= Anthropectomy =

Withholding of human qualities from non-human animals

Anthropectomy refers to the withholding of human qualities from non-human animals. It is conceptually opposed to anthropomorphism, which refers to the attribution of human characteristics to animals. Anthropectomy describes an error in animal cognition research, of assuming animals don't share certain human qualities with humans. Both anthropectomy and anthropomorphism are bias shown in animal cognition research. They are highly debated topics in this field, and can influence how a researcher conducts their research which is why both are typically avoided.

== Etymology ==
The term anthropectomy is derived from the Greek words anthropos (ἄνθρωπος), meaning "human," and ektomia (ἐκτομή), meaning "to cut out".

== Uses ==
The term anthropectomy was introduced by philosophers Kristin Andrews and Brian Huss.
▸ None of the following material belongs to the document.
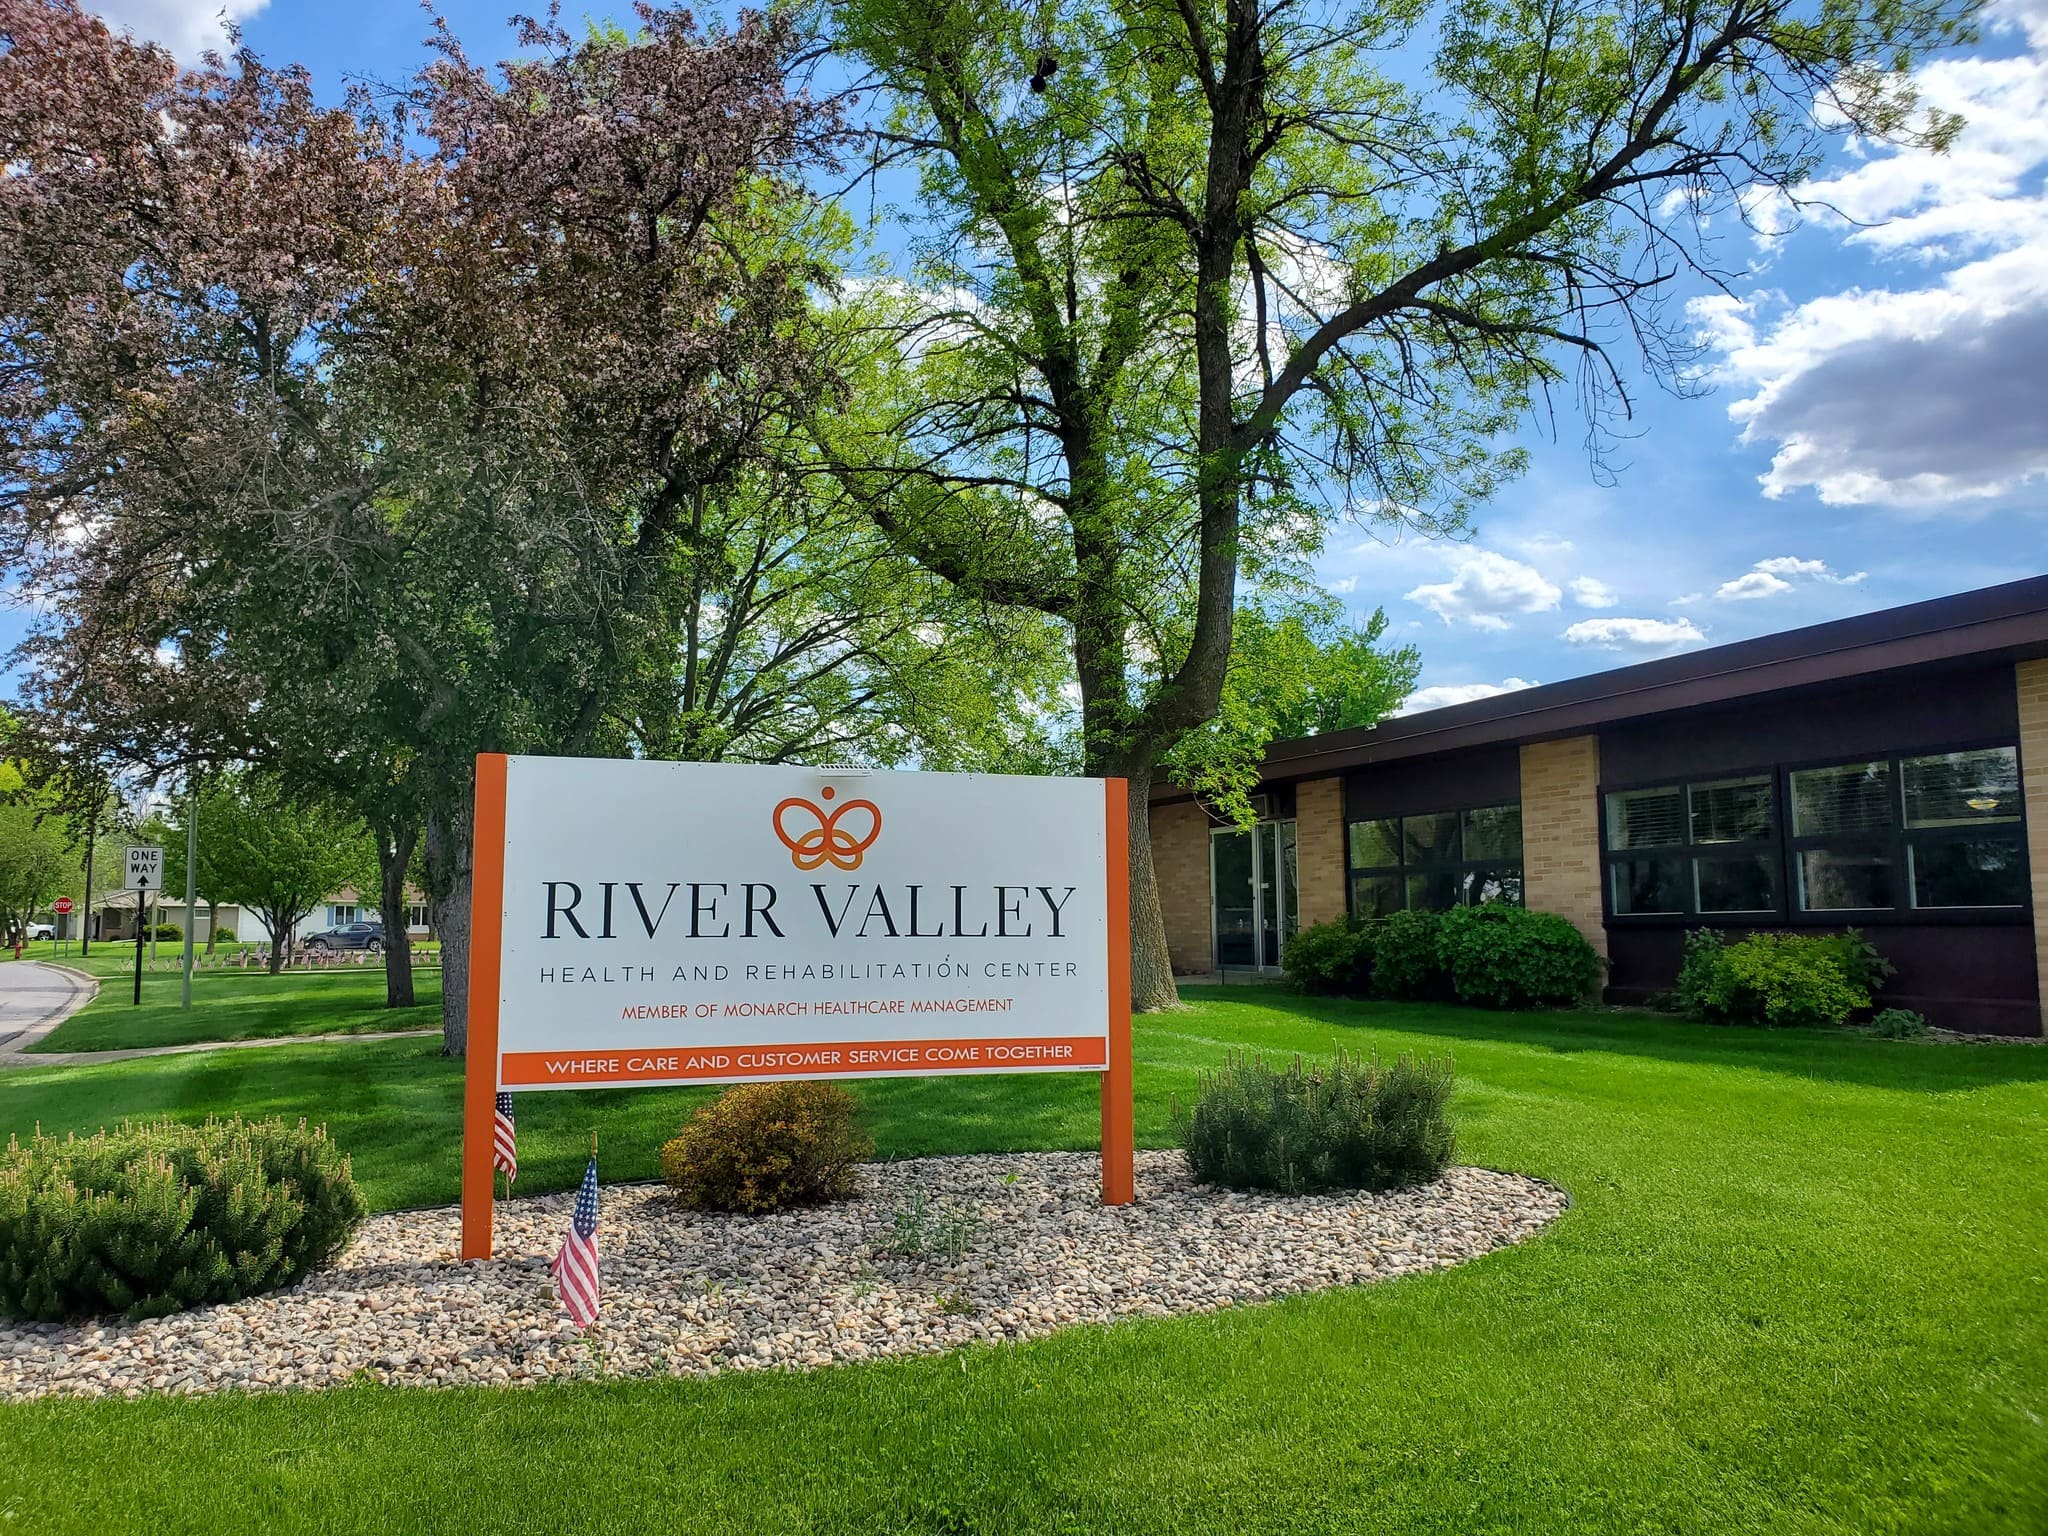 River Valley Health and Rehabilitation

The article in which they introduce anthropectomy was published in 2014. It appears in a variety of contexts in the literature. In some cases, it refers to the tendency to deny non-human animals human-like qualities without adequate justification. In other contexts, it refers more specifically to a cognitive bias in humans, such as human exceptionalism or anthropofabulation, that results in the systematic exclusion of animals from traits considered human.

Other terms for anthropectomy include anthropodenial, coined by Frans de Waal, and reverse anthropomorphism, used by Maxine Sheets-Johnstone, both referring to the same error of denying human-like traits in non-human animals.

== In animal cognitive research ==
In the context of hypothesis testing, anthropectomy corresponds to a Type-II error or false negative: failing to recognize a trait in an animal when the animal does, in fact, possess it. This is contrasted with anthropomorphism, which is associated with a Type-I error or false positive: wrongly attributing a trait the animal does not have. Anthropectomy may occur when a null hypothesis assumes that animals lack certain cognitive or emotional traits that are considered uniquely human. When such hypotheses are not rejected, the resulting conclusions often go beyond agnosticism and assert the absence of the trait. This shifts the research from cautious skepticism to unjustified denial.

Critics argue that anthropectic thinking may stifle scientific progress by prematurely ruling out complex animal capacities. Researchers are opening up to the idea of attributing human psychological abilities to nonhuman animals. However, a majority of researchers can't get past the negative connotation of the words when studying animal cognition.

According to philosopher Devin Sanchez Curry, an asymmetry exists between anthropomorphic bias and anthropectic bias, as humans are systematically inclined toward anthropomorphism. Some scholars advocate for a level epistemological playing field, where neither anthropomorphism nor anthropectomy is the default. An author Steven Wagschal a professor at Indiana University, who wrote a book titled, Minding Animals in the Old Way and New Worlds: A Cognitive Historical Analysis. In which he mentions a specific type of bias in animal cognitive research. Wagschal states one of the best examples of consistent anthropectomy is found in fish. Even though humans are more inclined to anthropomorphism species like fish tend to be not be because, it's a lot harder to interact with them because they live underwater in a different environment than humans. Humans tend to anthropomorphize animals that we see similar to ourselves. This has little to do with differences in cognitive ability, but more so, which animals humans can relate to the most.